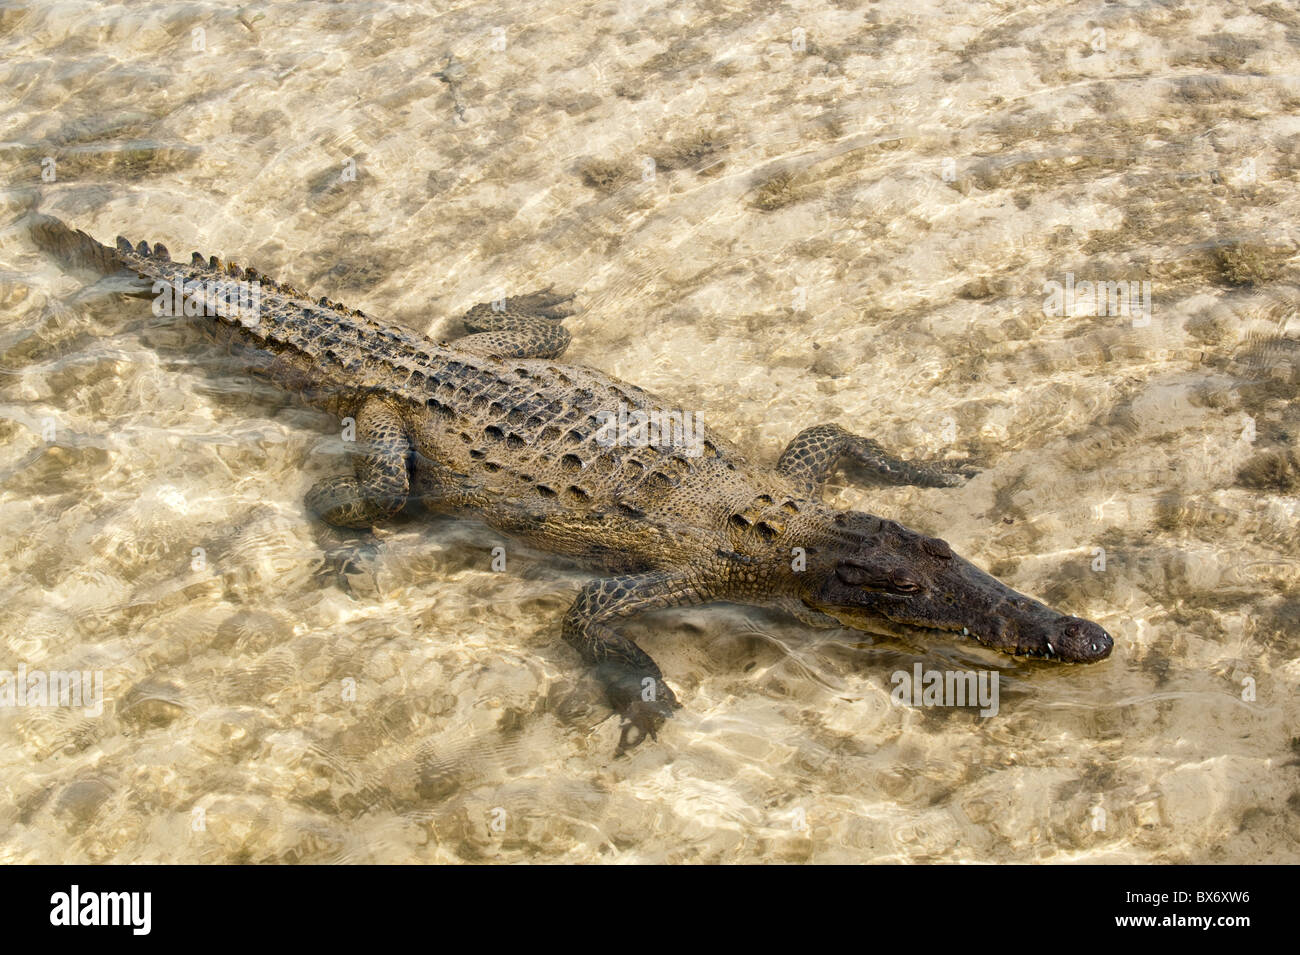 El cocodrilo de agua salada en el Parque Punta Sur, Isla de Cozumel (Cozumel), Isla de Cozumel, frente a la Península de Yucatán, Quintana Roo, México. Foto de stock
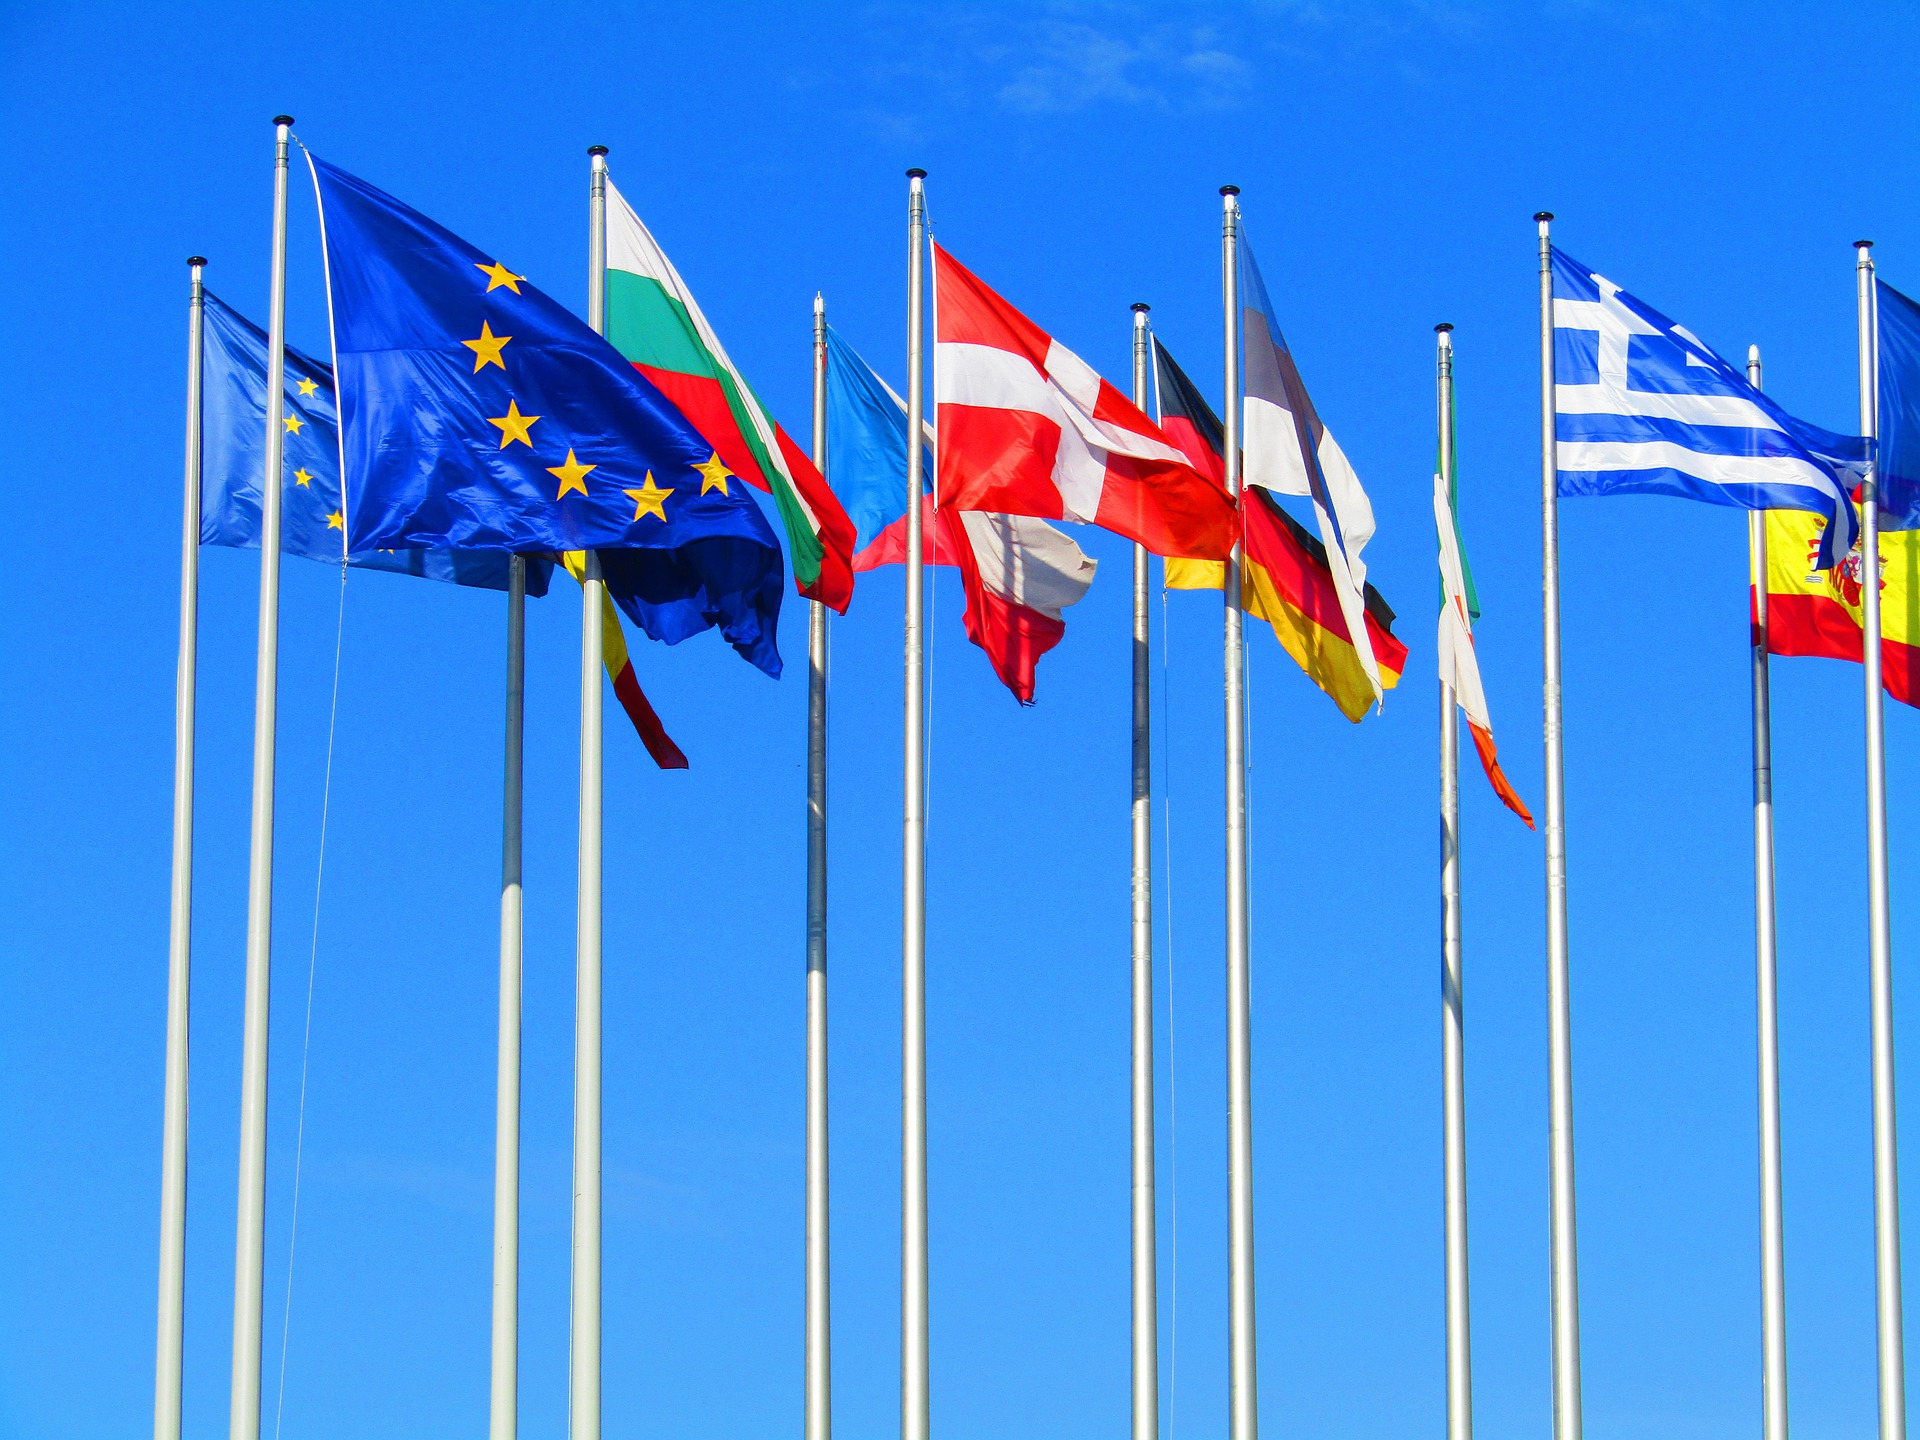  Europa-Flagge und weitere Länderflaggen - Foto: pixabay.com - Udo Pohlmann 
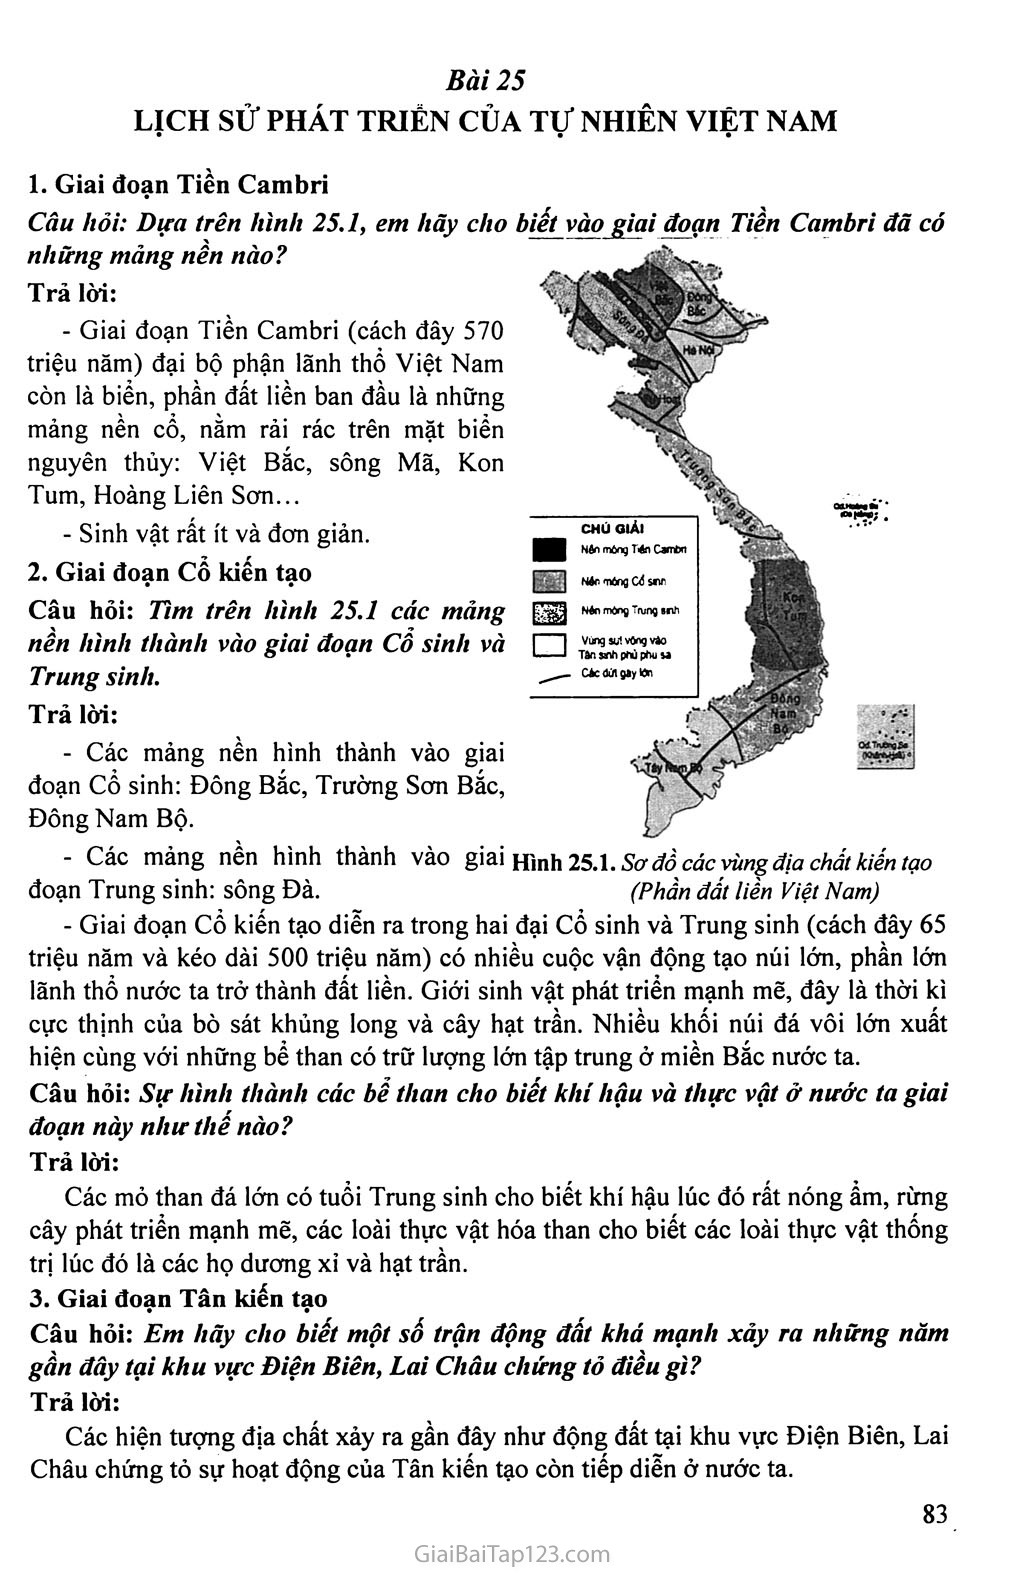 Bài 25. Lịch sử phát triển của tự nhiên Việt Nam trang 1

....

_Problem statement_
Please retype the data exactly as it appears, but without any of its pictures.

_Task result_
 El cocodrilo de agua salada en el Parque Punta Sur, Isla de Cozumel (Cozumel), Isla de Cozumel, frente a la Península de Yucatán, Quintana Roo, México. Foto de stock
  Europa-Flagge und weitere Länderflaggen - Foto: pixabay.com - Udo Pohlmann 
 Bài 25. Lịch sử phát triển của tự nhiên Việt Nam trang 1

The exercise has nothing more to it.